I describe in the book one time when even having a skilled interpreter wasn’t enough to make myself well understood. One boy came to us for treatment for an abnormality of his penis. During my evaluation I determined that he was actually a female hermaphrodite. Even if we had all been speaking the same language that would have been a murky conversation. With the help of the interpreter, we muddled through as best we could.
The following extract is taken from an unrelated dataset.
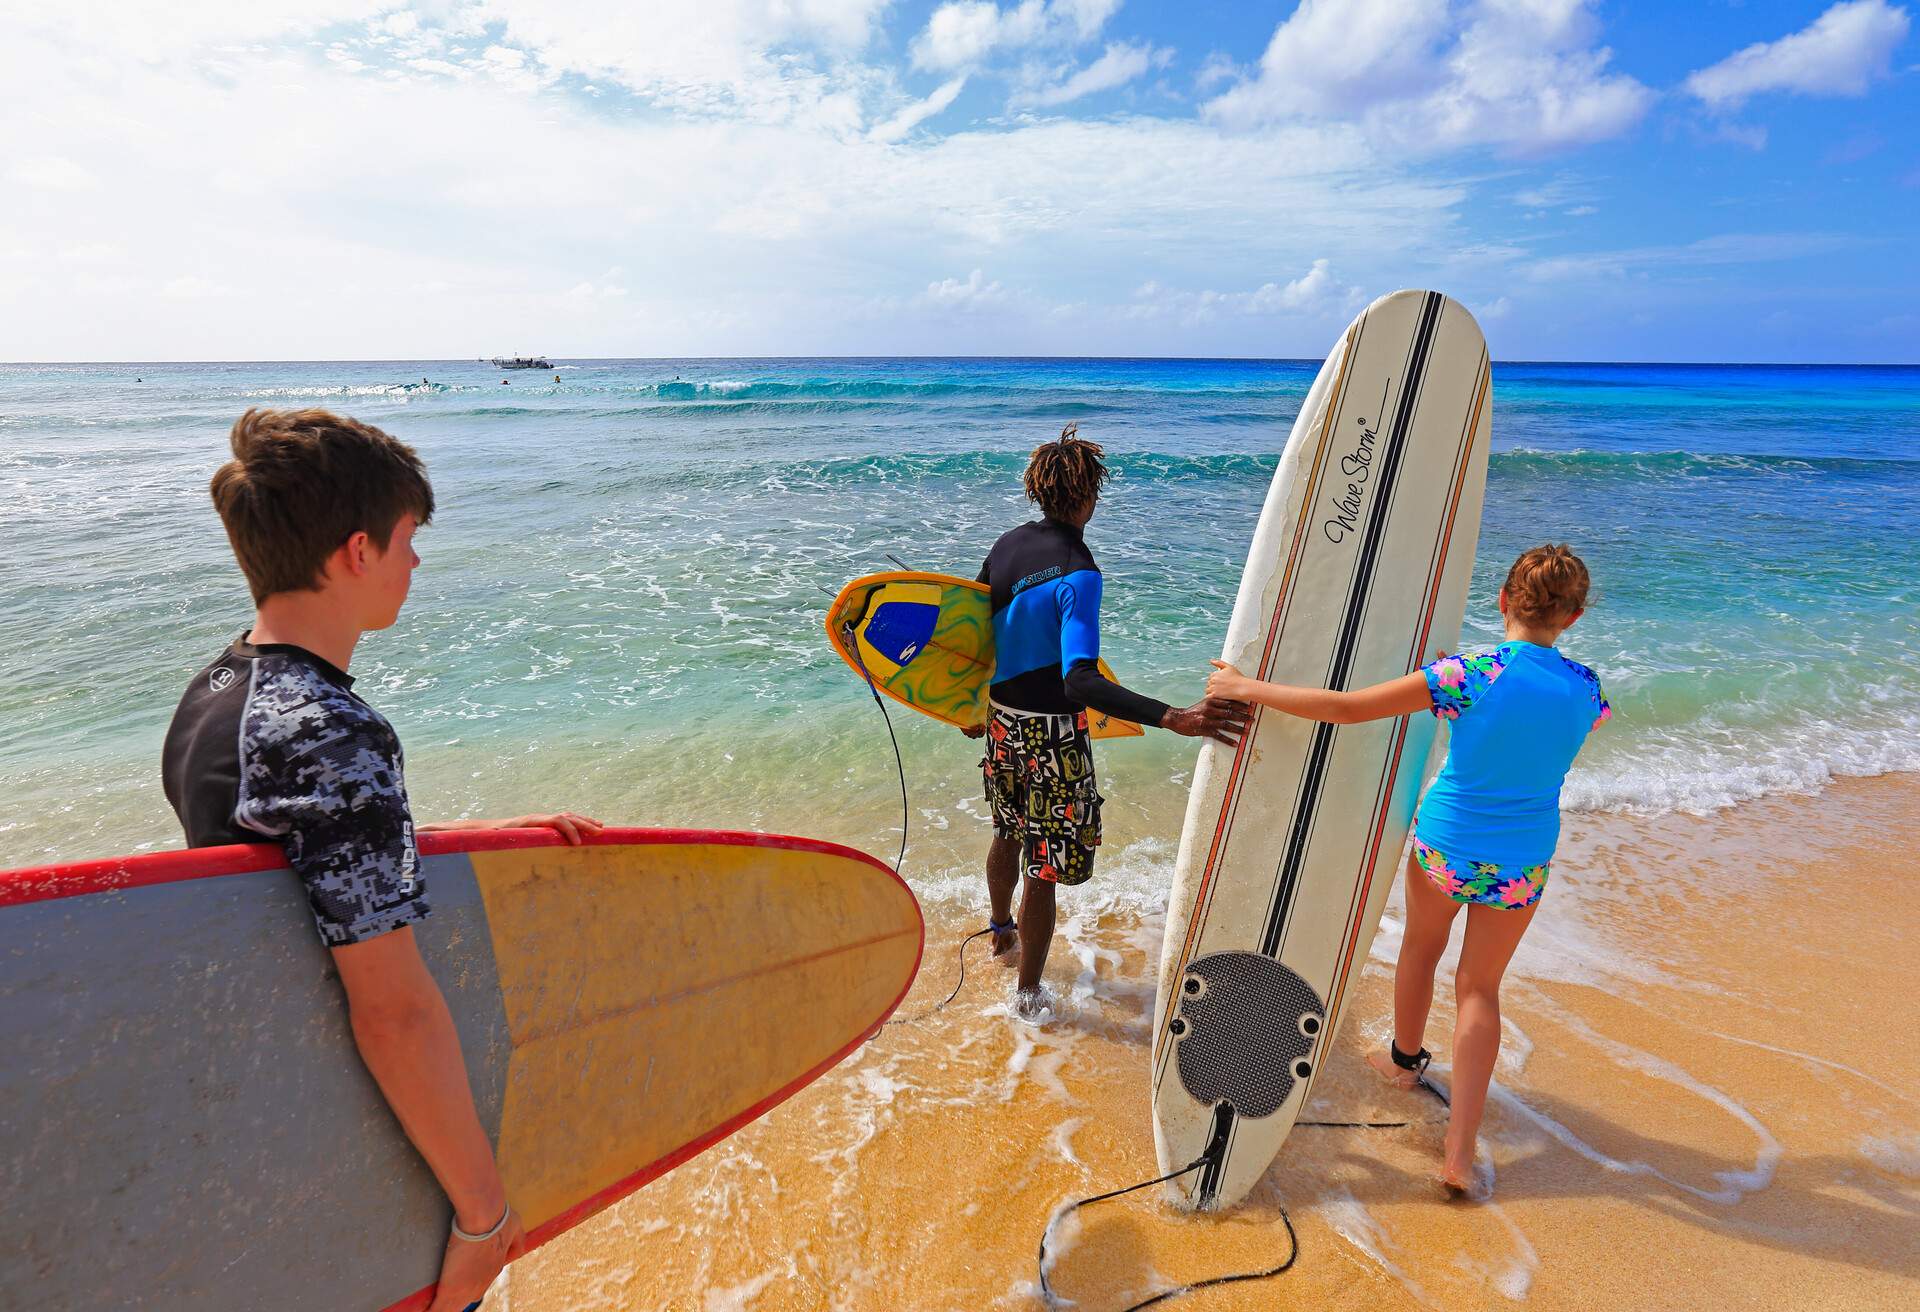 SURF-SCHOOL-BEACH-PEOPLE-LEARNING

In addition to your writing, you’ve taken thousands of pictures of the base as well as video footage. Do you feel that you were a witness for this war? Was there a conscious decision to want to document this experience for the sake of history / posterity?
I definitely made a conscious effort to document my experience in images. There were many purposes to this, and I’m not sure that I even understand all the reasons why I felt it necessary to preserve what I was seeing. At times, things were so horrific and absurd that taking a picture was a way of attempting to understand what I was seeing, or at least storing it away to puzzle out the meaning at a later time. Also, I felt sorely unable to completely convey what I was witnessing in words, so pictures were an attempt to explain it to the caring, concerned friends and family at home. Lastly, just as you say, I felt like I was a witness. I felt like the events going on around me were far bigger and more important than I was as an individual, but if someone didn’t record the accounts of these pained and brave lives, it would be as if it never happened. I felt that one purpose I could serve was to be a vessel to transmit their stories to the rest of the world.